Di recente è stato presentato l’Indice Regionale sul Maltrattamento all’Infanzia in Italia, curato da CESVI, in collaborazione con figure di rilievo come la viceministra del Lavoro, Maria Teresa Bellucci, la consigliera del ministro dell’Università, Alessandra Gallone, e la presidente del Cismai, Marianna Giordano. L’indice offre una panoramica dettagliata dell’incidenza del maltrattamento infantile nelle diverse regioni italiane, mettendo in evidenza le aree più a rischio e quelle meno vulnerabili.

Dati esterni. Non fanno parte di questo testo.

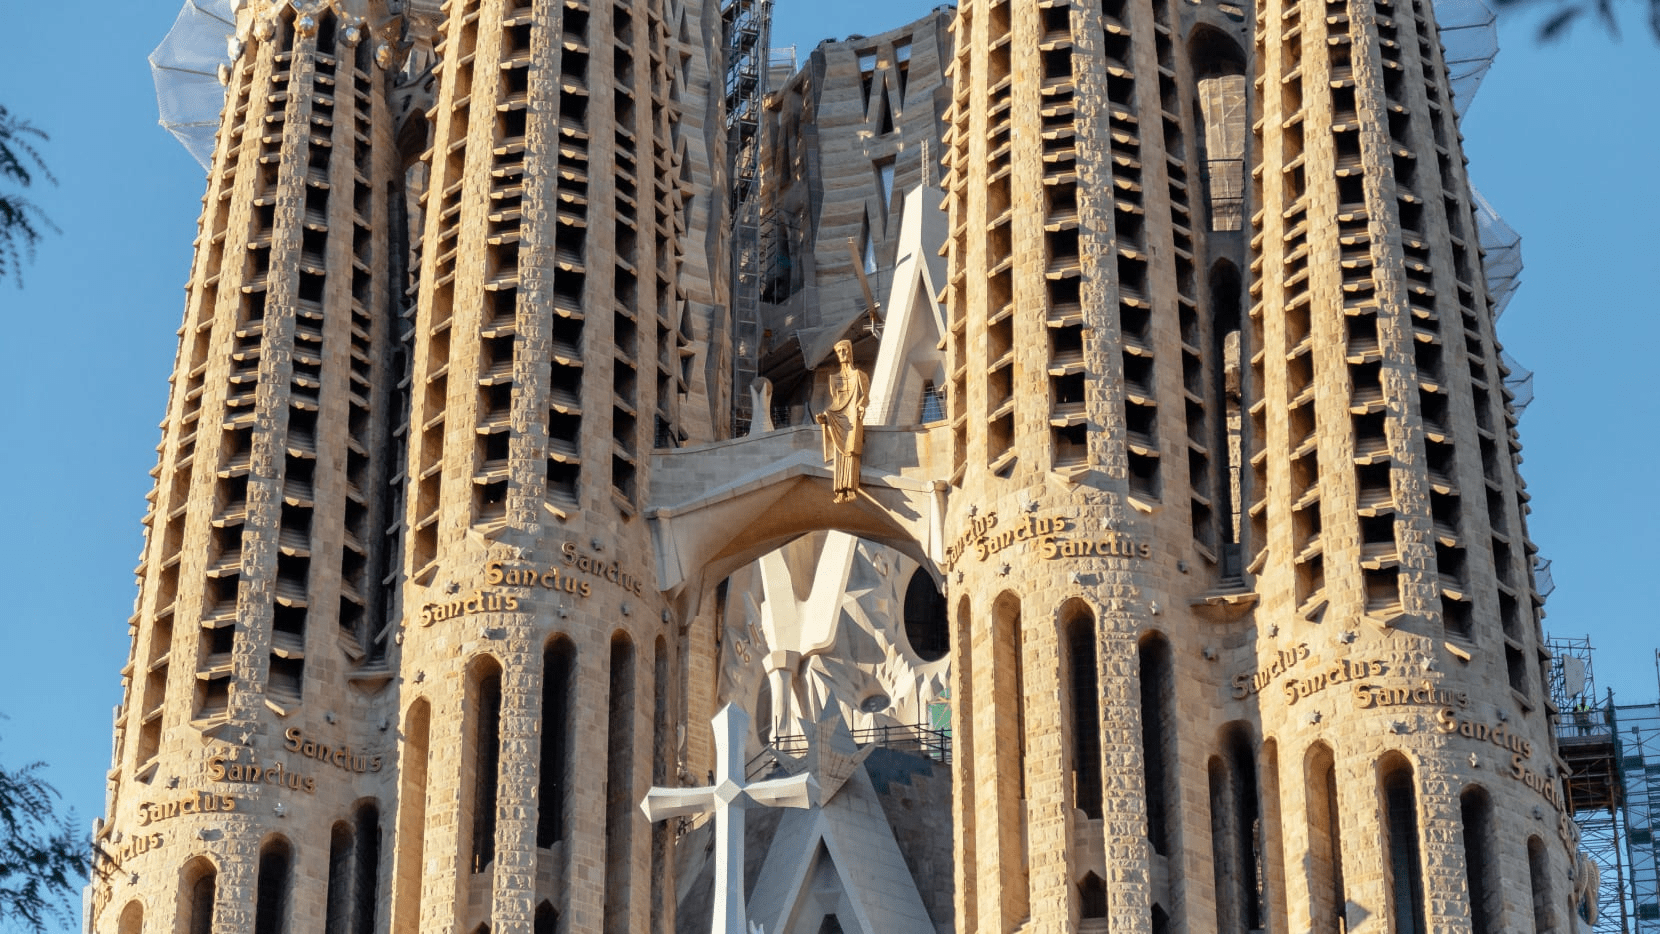 Sagrada Familia by Gaudi - Basilica in Barcelona, Spain - 137 Year Project 104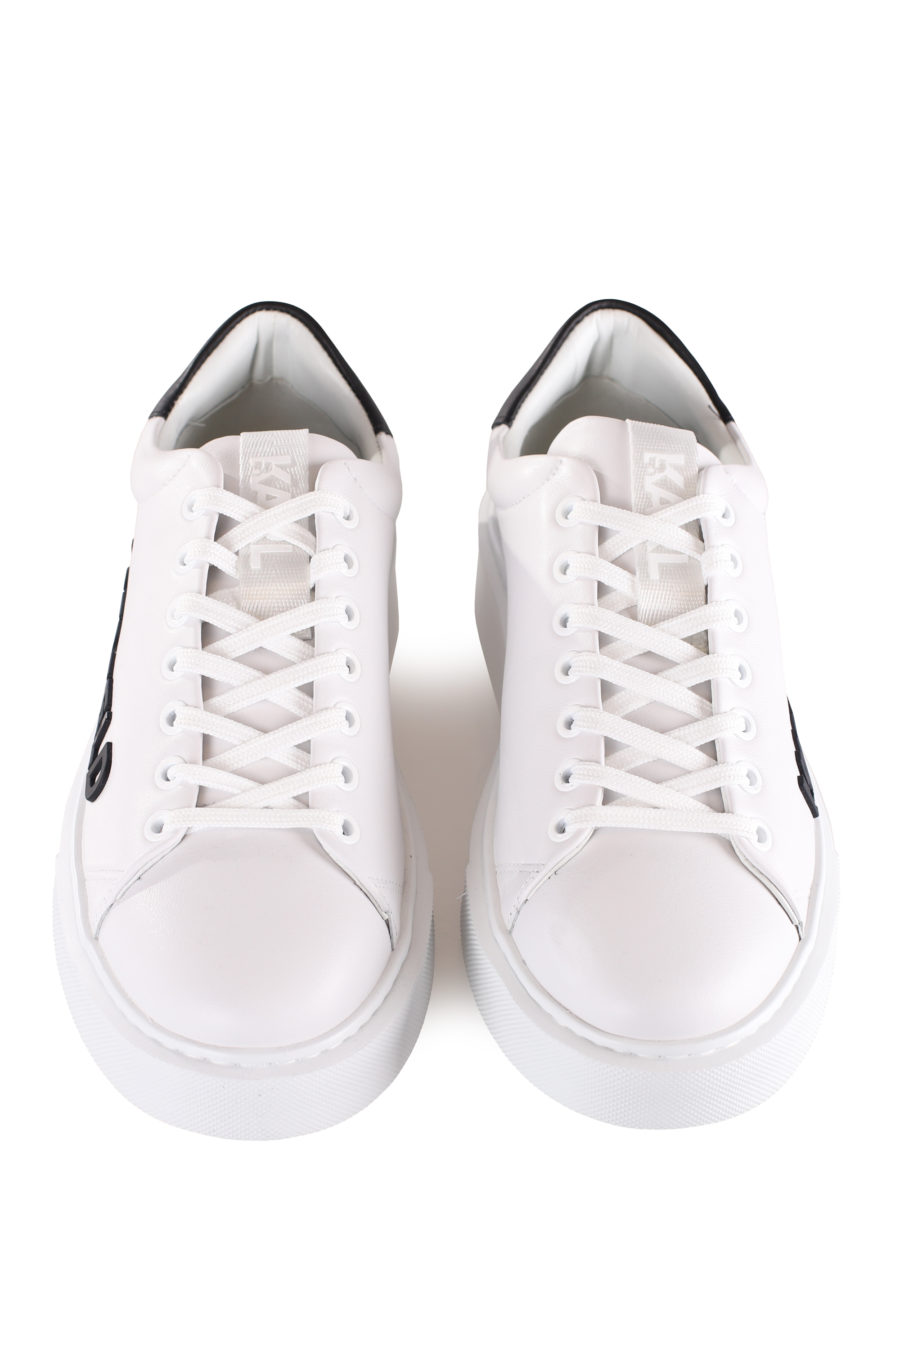 Zapatillas blancas con maxi logo en goma - IMG 9591

Nel dettaglio, questa edizione dell’Indice si è concentrata sul ruolo del linguaggio nel contesto del maltrattamento e della cura all’infanzia. Secondo l’Organizzazione Mondiale della Sanità (OMS), l’abuso psicologico, inclusa la violenza verbale, è la forma di maltrattamento più diffusa. Questo tipo di abuso può avere conseguenze gravi e durature sulla salute mentale, sia durante l’infanzia che in età adulta. L’abuso psicologico, che include la violenza verbale, colpisce una percentuale significativa di bambini in Europa, con un’incidenza del 36,1% tra i 55 milioni di bambine e bambini vittime di abusi.

L’analisi rivela un’Italia divisa in due parti distinte: al Nord gli episodi di maltrattamenti infantile si verificano in misura molto inferiore rispetto al Sud. Le regioni settentrionali tendono a offrire migliori servizi di prevenzione e intervento, mentre il Sud continua a lottare con risorse limitate. Nonostante le indubbie difficoltà, emergono però i primi segnali di miglioramento che devono essere consolidati. Cosa di certo non semplice, dato il contesto di incertezza geopolitica e le difficoltà economiche portate dall’inflazione e dall’aumento dei costi energetici.

Maltrattamento infantile: sguardo ravvicinato alle regioni

Tra le regioni italiane, Trentino-Alto Adige e Friuli-Venezia Giulia continuano a distinguersi per contesti particolarmente favorevoli, mantenendo rispettivamente il primo e il secondo posto. Segue l’Emilia-Romagna, che ha guadagnato una posizione salendo al terzo posto, e la Lombardia, che con un balzo di due posizioni si piazza al quarto posto. Il Veneto, sceso dal terzo al quinto posto, rimane comunque tra le regioni virtuose.

La situazione è decisamente più critica nel Sud Italia. La Campania si trova all’ultimo posto per fattori di rischio complessivi, seguita da Sicilia, Puglia e Calabria, che mantengono le posizioni precedenti. Altre regioni come Basilicata, Marche, Umbria e Molise hanno registrato miglioramenti. Invariati i risultati per Toscana e Piemonte, mentre Valle d’Aosta, Lazio, Abruzzo e Sardegna hanno perso una posizione ciascuno, e il Veneto e la Liguria ne hanno perse due.

Per quanto riguarda la disponibilità di servizi di prevenzione e cura, l’Emilia-Romagna emerge come la regione dotata dei migliori strumenti, seguita da Veneto, Toscana, Valle d’Aosta, Umbria e Sardegna. Le prime tre regioni hanno mantenuto le loro posizioni, mentre le successive hanno visto miglioramenti. Le regioni con maggiori criticità rimangono Campania e Sicilia, con quest’ultima peggiorata di una posizione, seguite da Calabria e Puglia, entrambe in peggioramento. Regioni “ad alta criticità” per via dei servizi sotto la media nazionale. Anche Molise, Basilicata, Abruzzo, Lazio e Piemonte rientrano tra le aree critiche, con Piemonte in particolare che è arretrata di quattro posizioni, mentre la Sardegna ne ha guadagnate tre.

In termini di capacità complessiva di fronteggiare il maltrattamento all’infanzia, l’Emilia-Romagna si conferma al primo posto, seguita da Trentino-Alto Adige, Veneto e Friuli-Venezia Giulia, che mantengono le loro posizioni. Lombardia resta stabile, mentre le regioni con maggiori criticità sono ancora Sicilia e Campania. Le Marche migliorano di tre posizioni, la Valle d’Aosta di due, e Umbria, Sardegna, Abruzzo, Basilicata, Molise e Calabria di una ciascuna. Liguria, Piemonte e Lazio peggiorano di tre posizioni, mentre Toscana e Puglia scendono di una.

Il rapporto di CESVI dichiara che uno degli strumenti più efficaci per prevenire il maltrattamento infantile è l’investimento nell’educazione alla cura e nell’uso di un linguaggio positivo. È fondamentale formare i professionisti, prendersi cura delle vittime, intervenire sui perpetratori, interrompere la trasmissione intergenerazionale della violenza e prevenire l’abuso individuando i fattori di rischio e potenziando quelli protettivi.